> DATA LISTING

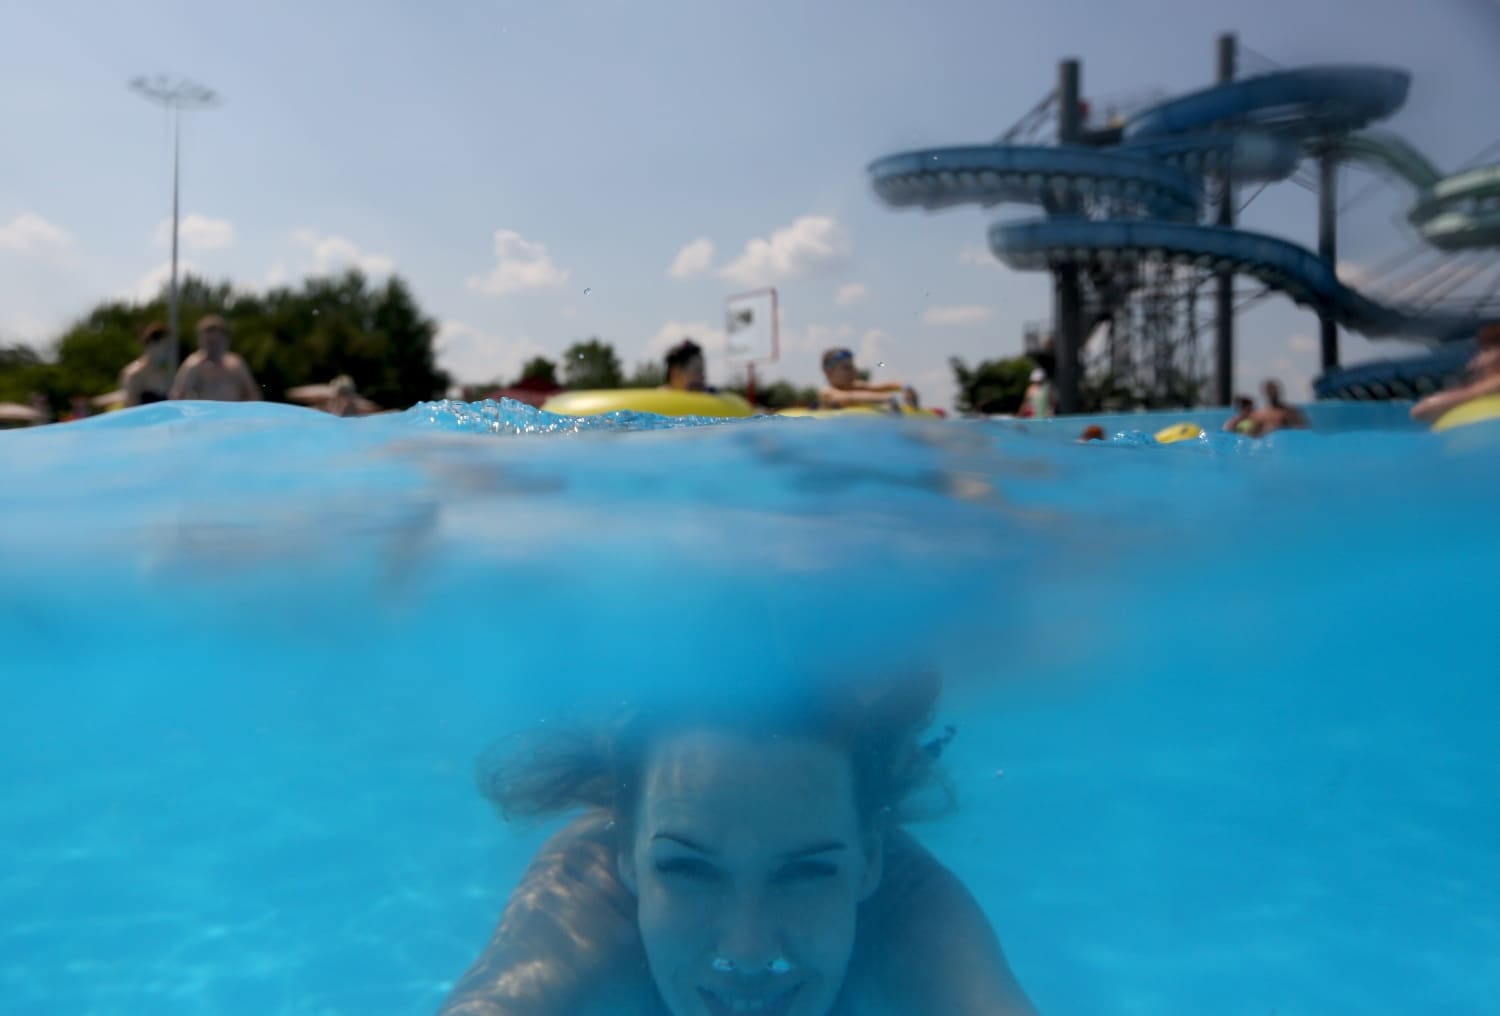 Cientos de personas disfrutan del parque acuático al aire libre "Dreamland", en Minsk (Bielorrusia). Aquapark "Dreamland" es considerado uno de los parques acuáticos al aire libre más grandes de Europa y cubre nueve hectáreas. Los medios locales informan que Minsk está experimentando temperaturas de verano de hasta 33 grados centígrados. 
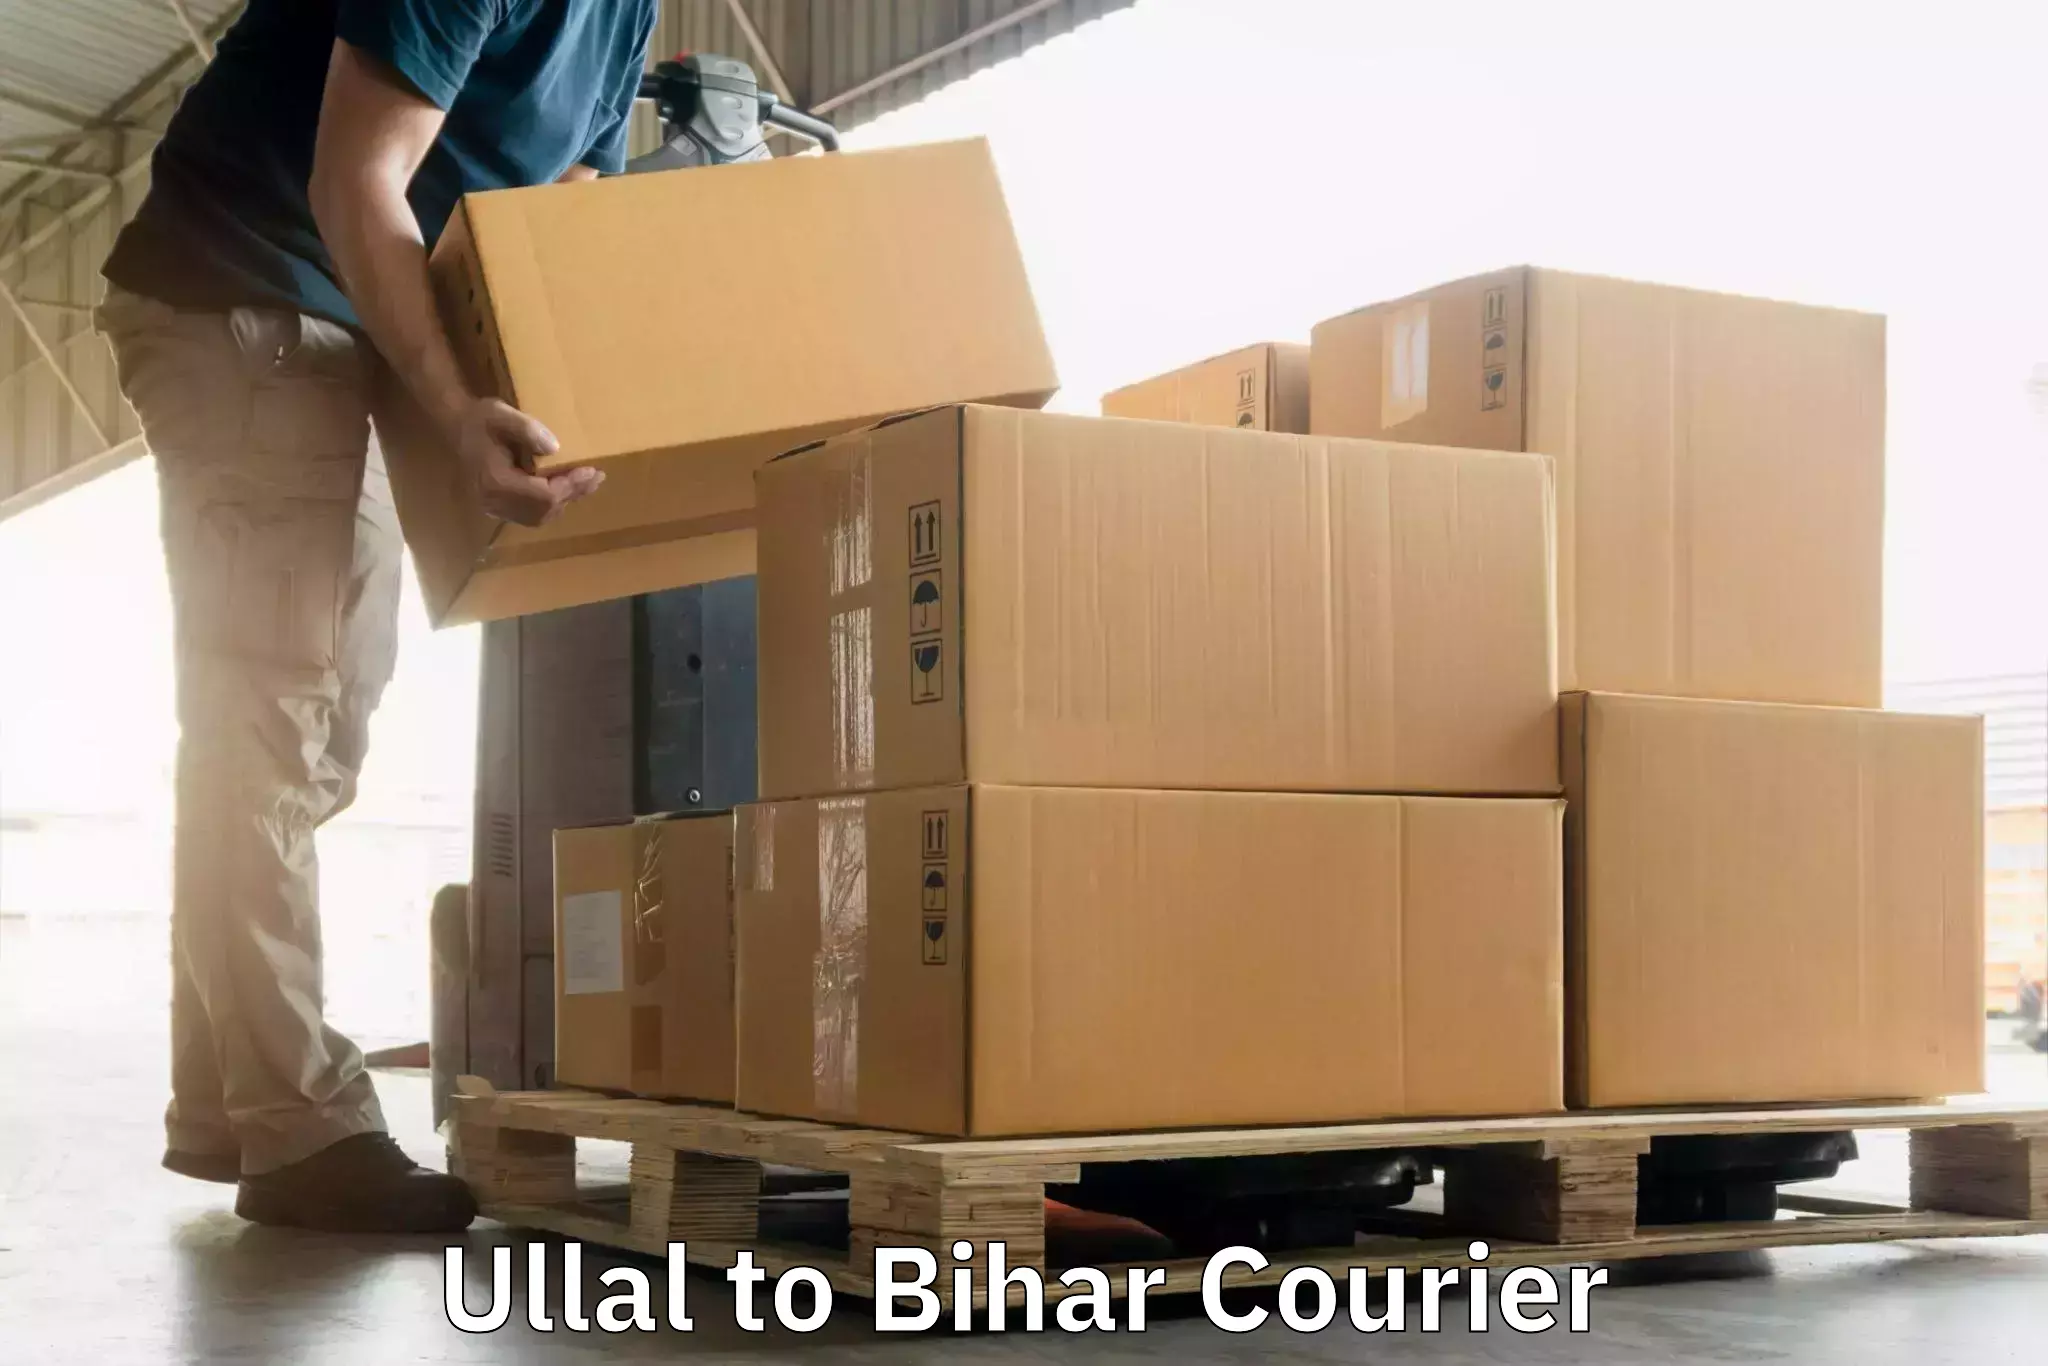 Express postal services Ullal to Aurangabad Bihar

==

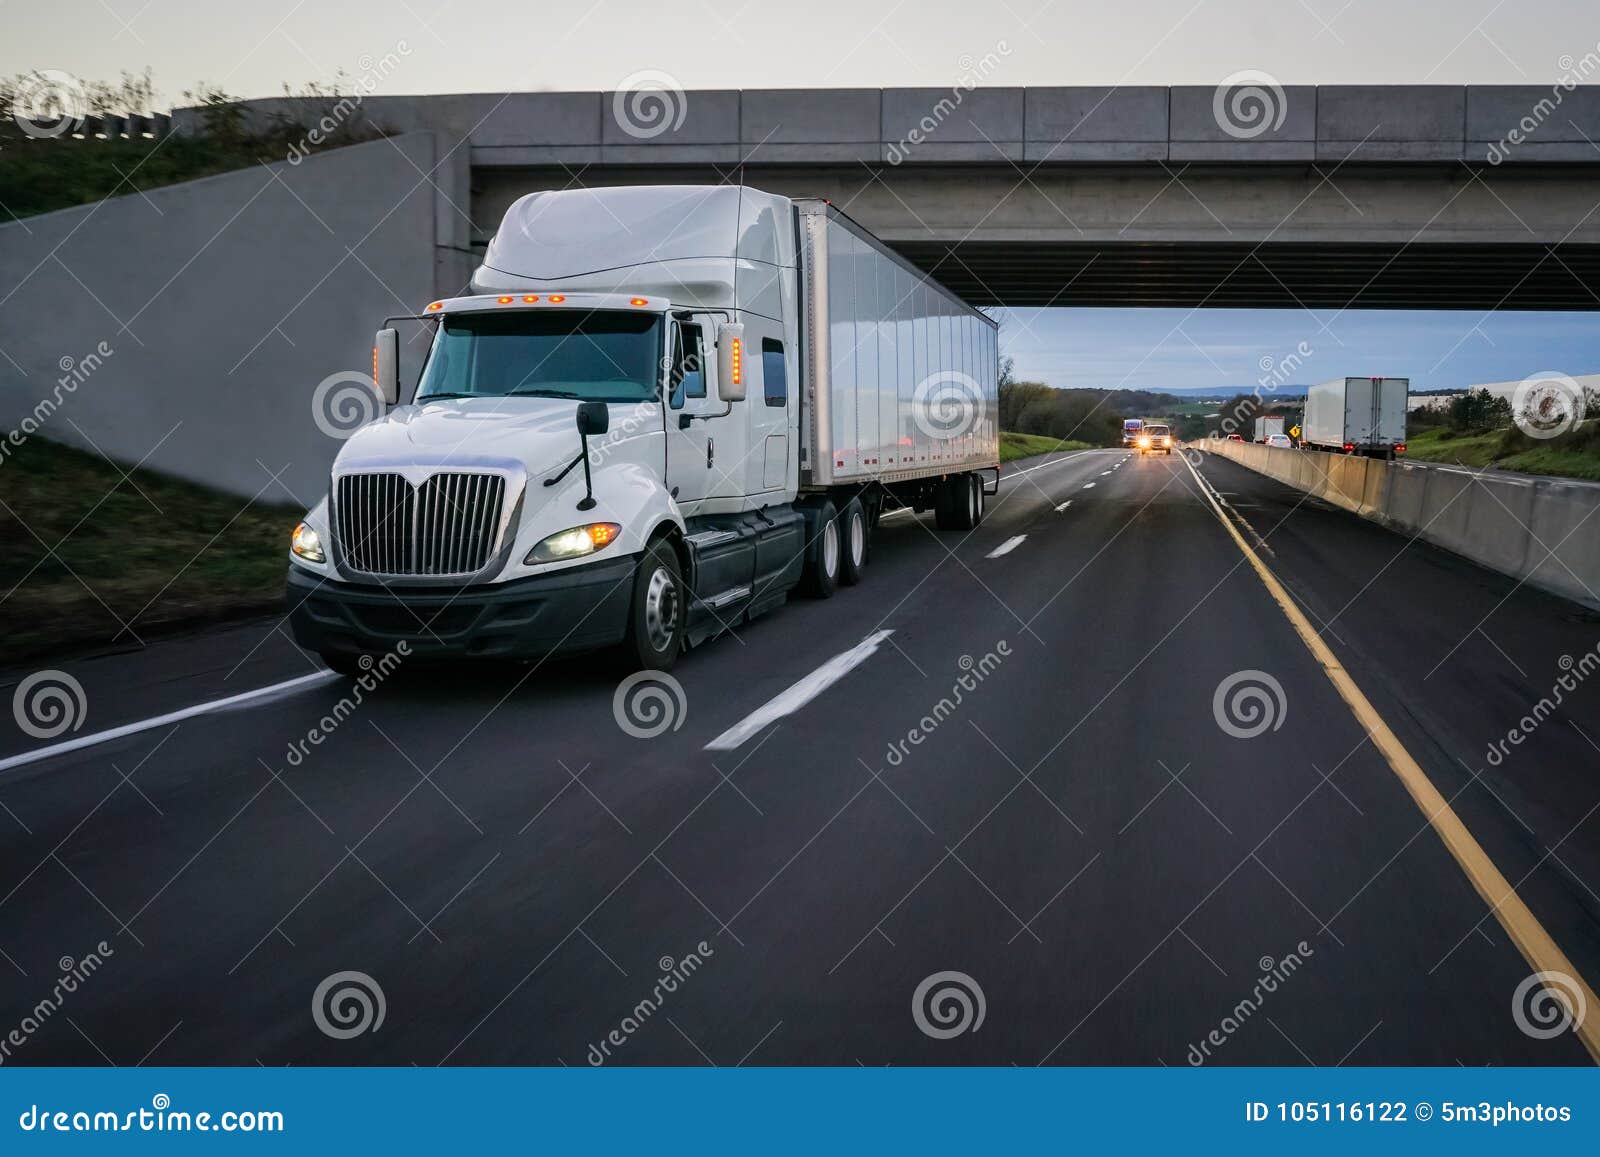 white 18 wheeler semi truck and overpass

> ABOUT THIS TASK
Given the listing above, retype only the span of lines from the line with "Cientos de personas" up to and including the line with "Express postal services", exactly as it stands and without pictures.

> ANSWER BELOW
 Cientos de personas disfrutan del parque acuático al aire libre "Dreamland", en Minsk (Bielorrusia). Aquapark "Dreamland" es considerado uno de los parques acuáticos al aire libre más grandes de Europa y cubre nueve hectáreas. Los medios locales informan que Minsk está experimentando temperaturas de verano de hasta 33 grados centígrados. 
 Express postal services Ullal to Aurangabad Bihar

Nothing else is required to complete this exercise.